Il s'appelle le « Pushpa », le « Boracay » ou le « Kiwala ». Plusieurs noms pour brouiller les pistes. Ce pétrolier battant pavillon béninois croisant au large de Saint-Nazaire fait l'objet d'une enquête à la suite d'un signalement de la Marine nationale, a indiqué ce mercredi le parquet de Brest, confirmant une information du quotidien « Ouest-France ». Des militaires français sont montés à bord du navire dans l'après-midi, d'après l'AFP. En treillis et cagoulés, ils patrouillaient sur le pont du bateau.
L'affaire est suivie par l'Elysée, inquiet de ce navire qui était présent dans les eaux proches du Danemark lors des vols de drones non identifiés à Copenhague.Emmanuel Macron a évoqué mercredi « des fautes très importantes commises » par l'équipage.
« Je resterai très prudent » sur l'éventuel lien entre ce navire et le récent survol de drones au Danemark, a-t-il ajouté, en insistant sur la lutte contre la flotte fantôme russe, ces navires sous pavillons étrangers utilisés par Moscou pour contourner les sanctions occidentales contre ses ventes de pétrole.

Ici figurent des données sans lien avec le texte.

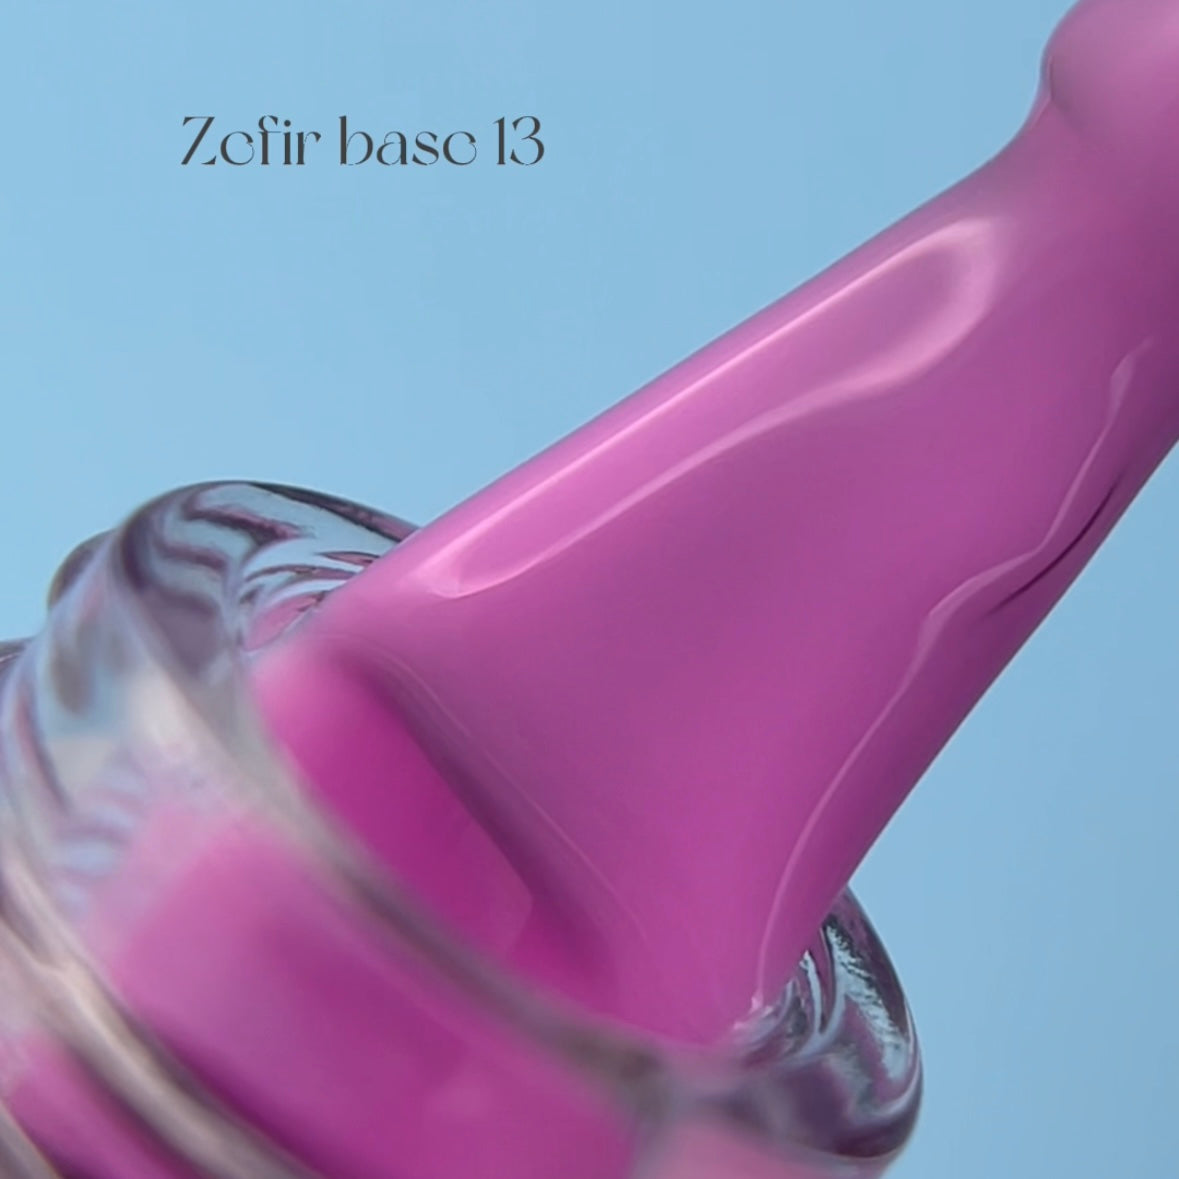 FARB Professional  ZEFIR RUBBER BASE #13, 15 ml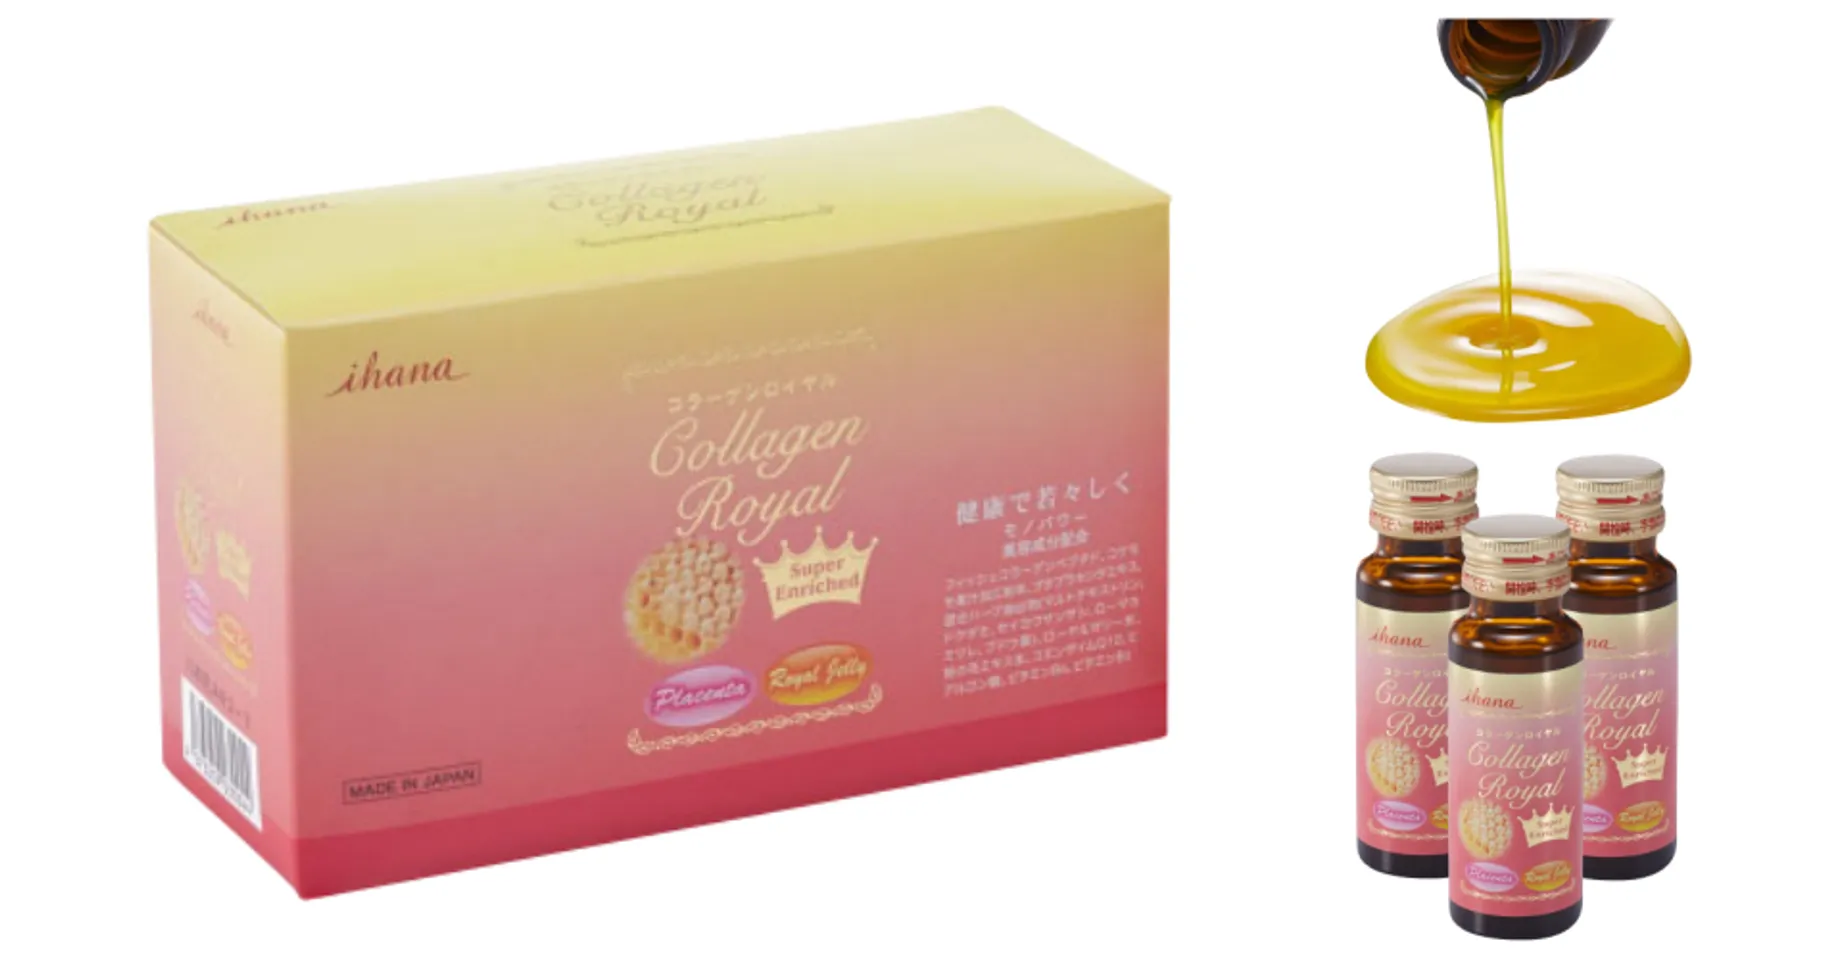 Collagen Royal Super Enrich Ihana chính hãng Nhật Bản

Son nom et ses pavillons changent
Les autorités françaises soupçonnent le pétrolier « d'être en infraction » et enquêtent sur un « défaut de justification de la nationalité du navire/pavillon » et « refus d'obtempérer », explique le procureur de Brest, Stéphane Kellenberger. « Les investigations et actes utiles ont été confiés à la section de recherches de la gendarmerie maritime, ainsi qu'au groupement de gendarmerie maritime de l'Atlantique », a-t-il ajouté, sans plus de précision.
Le pétrolier de 244 mètres, stationné depuis le 28 septembre au large du parc éolien de Saint-Nazaire, appartiendrait à la « flotte fantôme russe » utilisée par la Russie pour contourner les sanctions occidentales contre ses ventes de pétrole. Le navire est en effet visé par les sanctions britanniques et européennes contre la Russie, depuis une décision du conseil de l'Union européenne du 24 février 2025.